## WORK ITEM
Images are not wanted; transcribe the rest of the listing exactly.

## RECORDED INFORMATION
◆ ◆ ◆
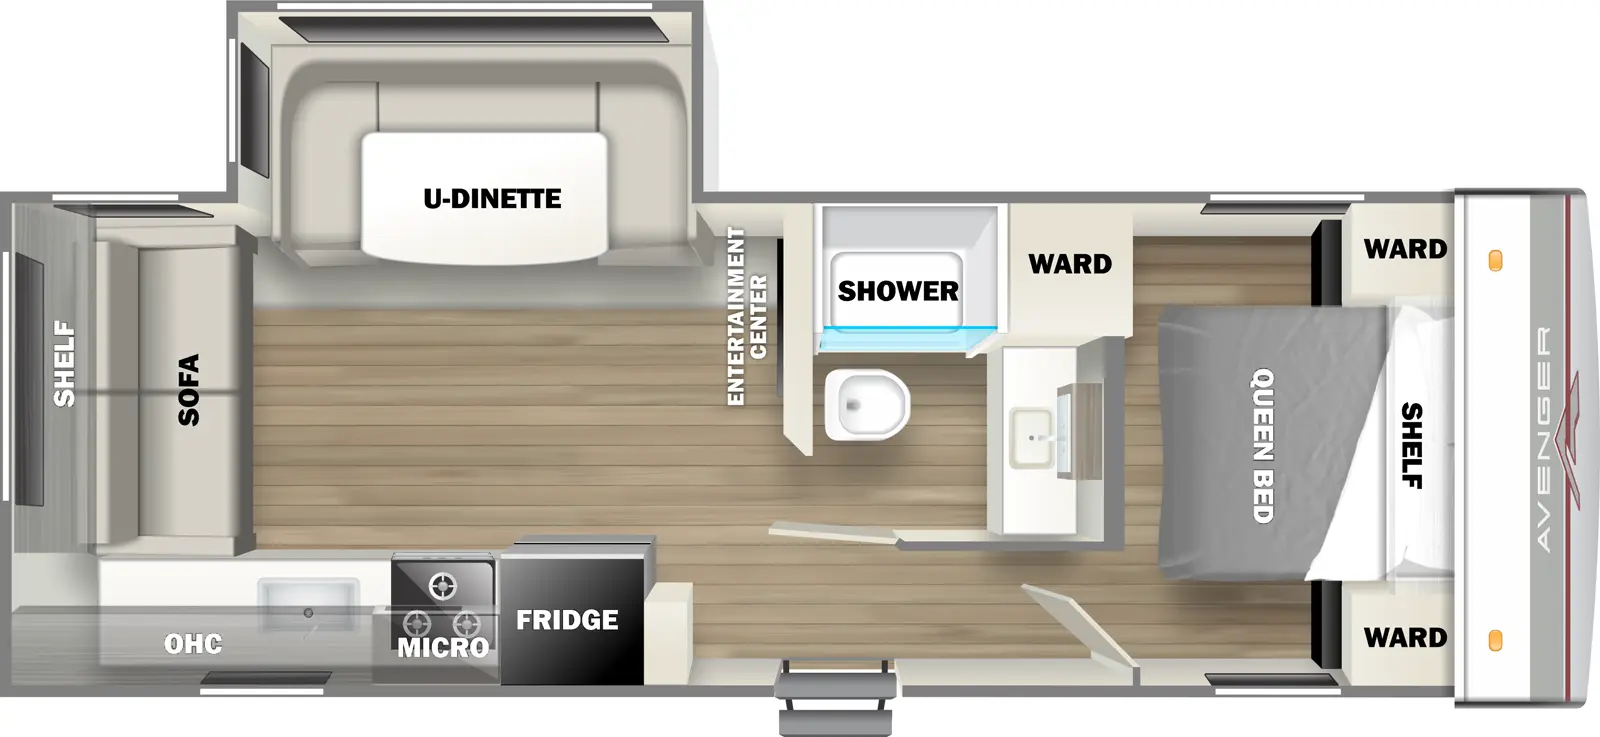 The 24RLSLE has one slideout and one entry. Interior layout front to back: foot facing queen bed with shelf above, wardrobes on each side, and off-door side wardrobe; off-door side full bathroom with entry door across from it; entertainment center along inner wall; off-door side u-dinette slideout; door side refrigerator, microwave, cooktop, overhead cabinet, kitchen counter and sink; rear sofa with shelf above.
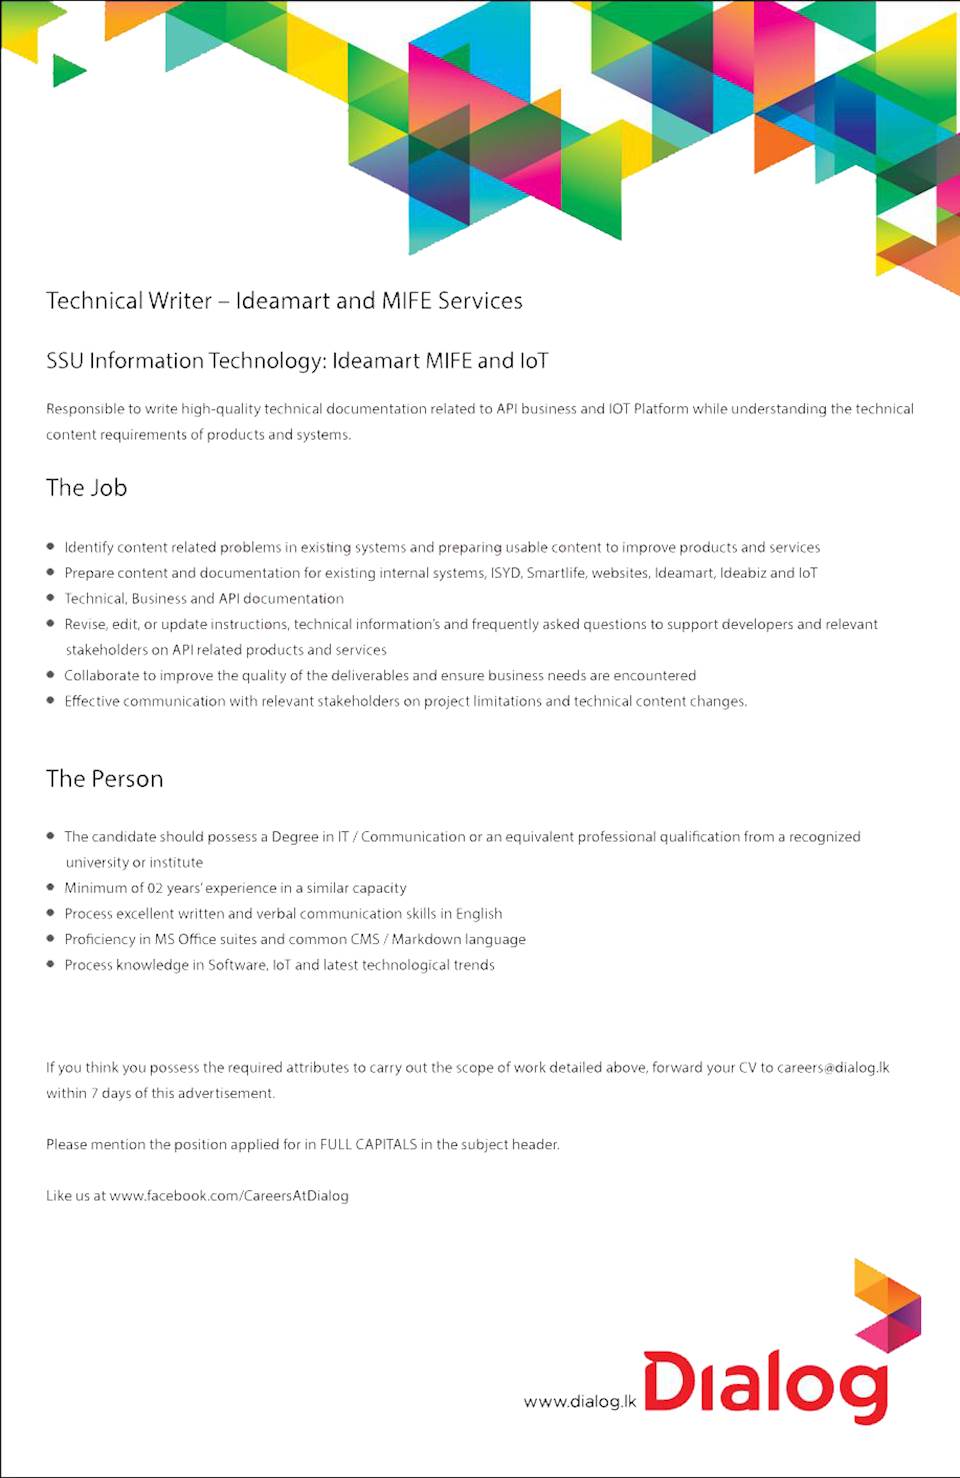 Technical Writer - Ideamart and MIFE Services
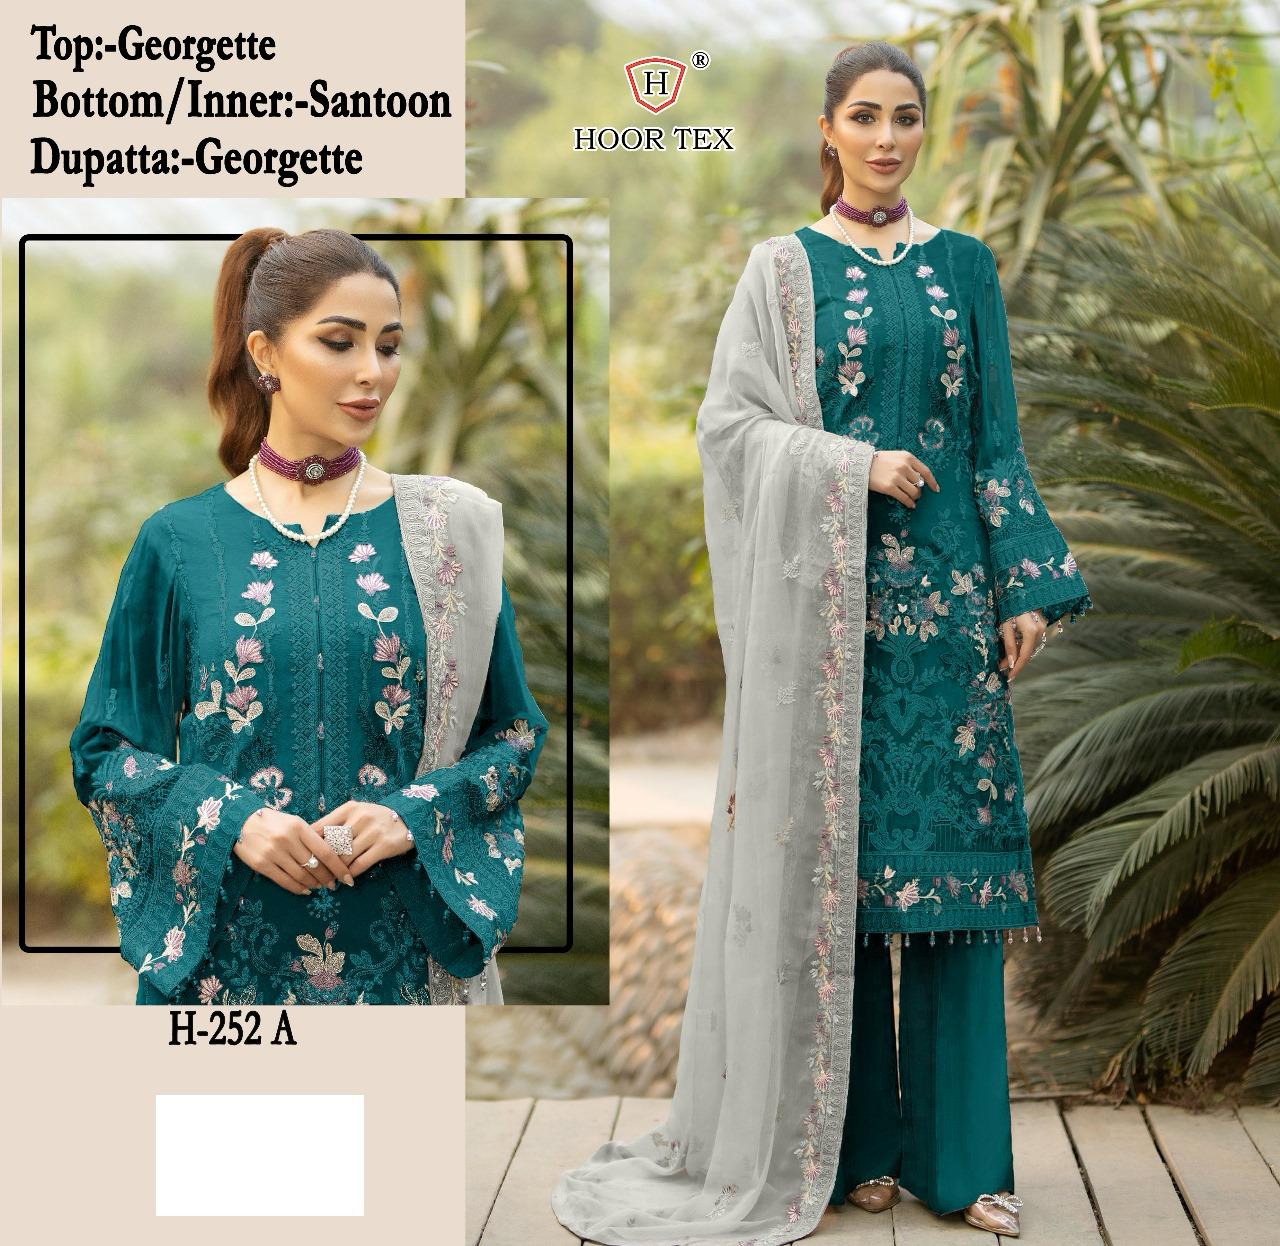 HOOR TEX H 252 A PAKISTANI SUITS IN INDIA
◆ ◆ ◆
## REPLY
 The 24RLSLE has one slideout and one entry. Interior layout front to back: foot facing queen bed with shelf above, wardrobes on each side, and off-door side wardrobe; off-door side full bathroom with entry door across from it; entertainment center along inner wall; off-door side u-dinette slideout; door side refrigerator, microwave, cooktop, overhead cabinet, kitchen counter and sink; rear sofa with shelf above.
 Technical Writer - Ideamart and MIFE Services
 HOOR TEX H 252 A PAKISTANI SUITS IN INDIA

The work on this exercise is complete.